The killings were shocking enough, but rumors quickly emerged that aggravated the situation--of Hindu women raped on the platform, of girl survivors being carried away. Local leaders of the chauvinistic Vishwa Hindu Parishad, the group planning to rebuild the Ram temple, gave instructions to destroy all Muslims. In Afsana's neighborhood, Naroda, a crowd of 2,000 armed themselves with sticks, stones and bottles of gasoline and went hunting. At least 65 people were killed, their remains left outside their burned homes. After all the Muslims had died or fled, a Hindu mob surrounded the local mosque and started to break it down, imitating the 1992 episode at Ayodhya. Not a policeman could be seen. One rioter said with pride, "We did this ourselves." Another man boasted that he had killed nine Muslims. "I was acting for all Hindus," he said.
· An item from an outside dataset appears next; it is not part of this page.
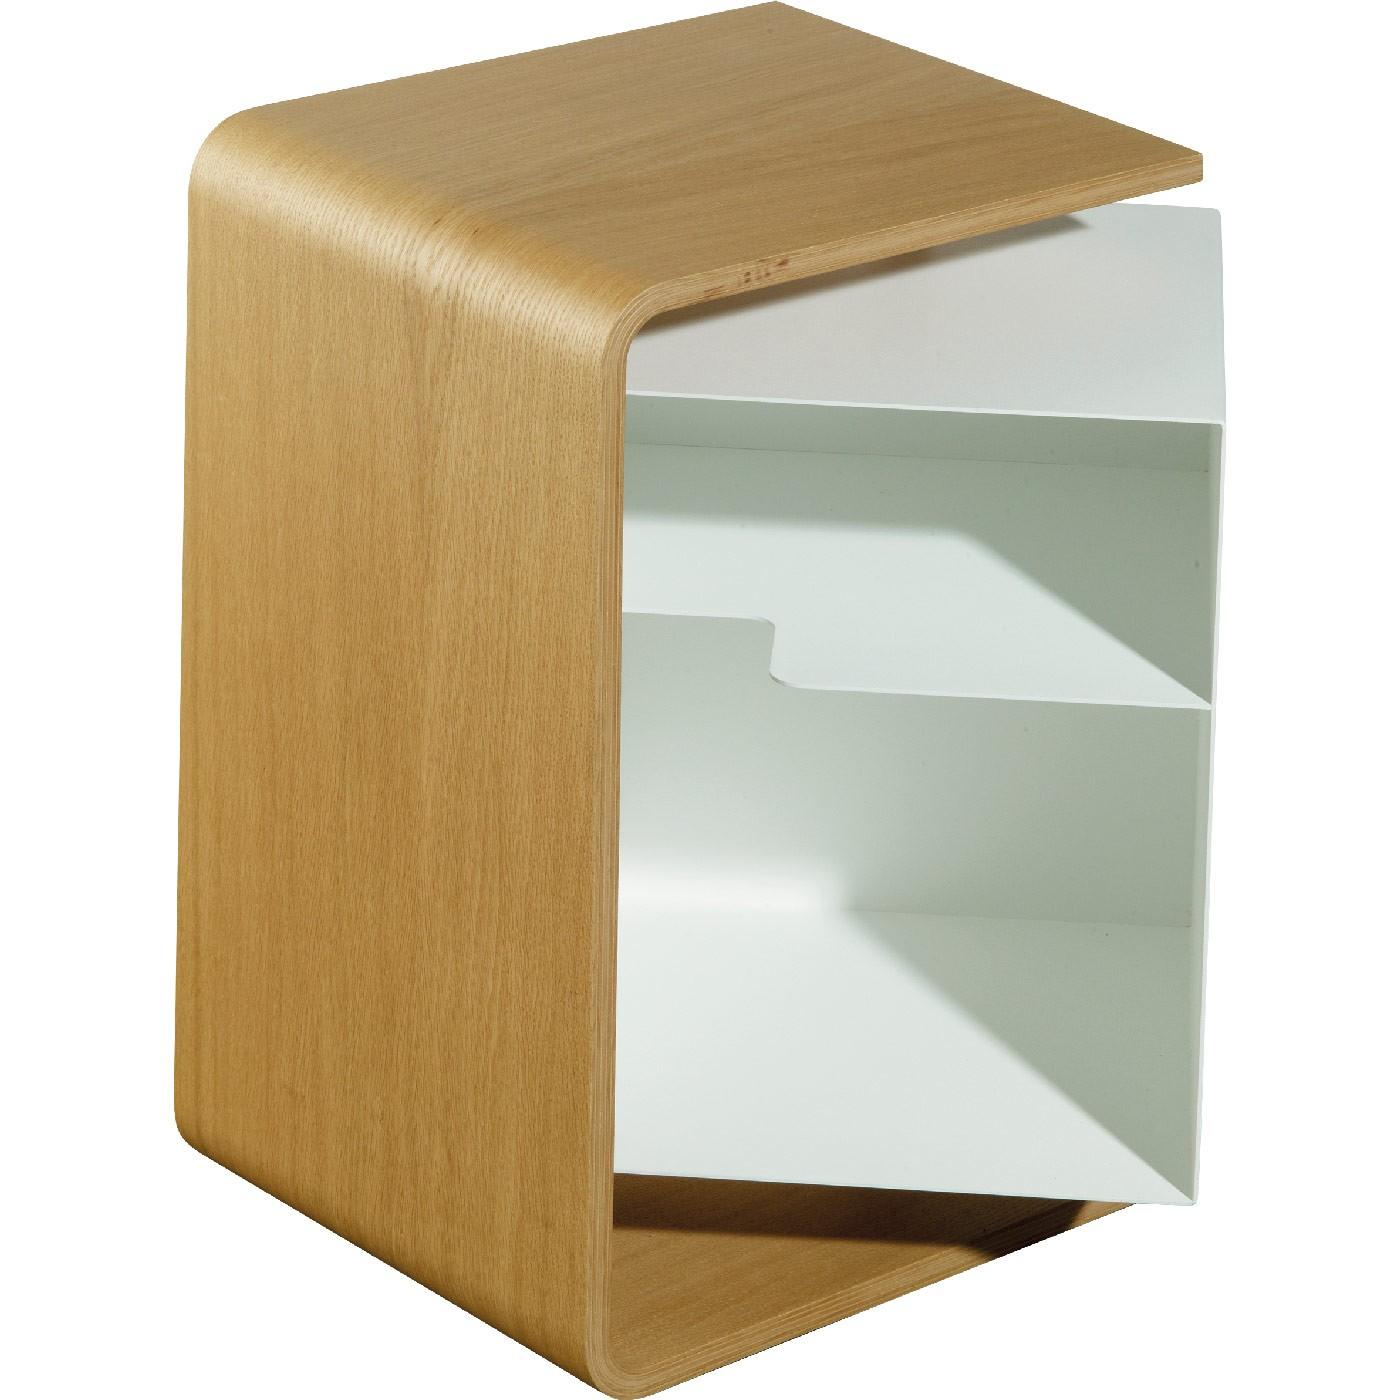 beistelltisch pieperconcept caru eiche. Black Bedroom Furniture Sets. Home Design Ideas

Elsewhere in Ahmadabad, Congress Party politician Ahsan Jafri gave shelter to fellow Muslims in his home, part of a
16-house Muslim colony. When the mob came, Jafri fired his revolver, injuring a few attackers. Furious, the crowd tore into the colony, dragging out the residents and setting them ablaze. Jafri and his family died. In the Hindu mob was a schoolboy, Roshan, 12. From a safe distance, he claimed, he saw Jafri's daughters being stripped and raped. He sounded frightened but admiring. When he grew up, would he do that? "Maybe not rape," he said thoughtfully, "but I would kill Muslims when they have to be punished."
Prime Minister Vajpayee has since announced that in the future pilgrims will be stopped from reaching Ayodhya and workers banned from erecting a new temple there. Hindu extremists vowed that they were undeterred. In Ahmadabad, 1,300 Indian soldiers patrolled uneasy streets. The Muslim girl Afsana awoke in a hospital, with burns so severe she could not lie on her back. "Where will I go now?" she asked. "I had such a big family, and all of them are dead. I just wish I had someone to live for."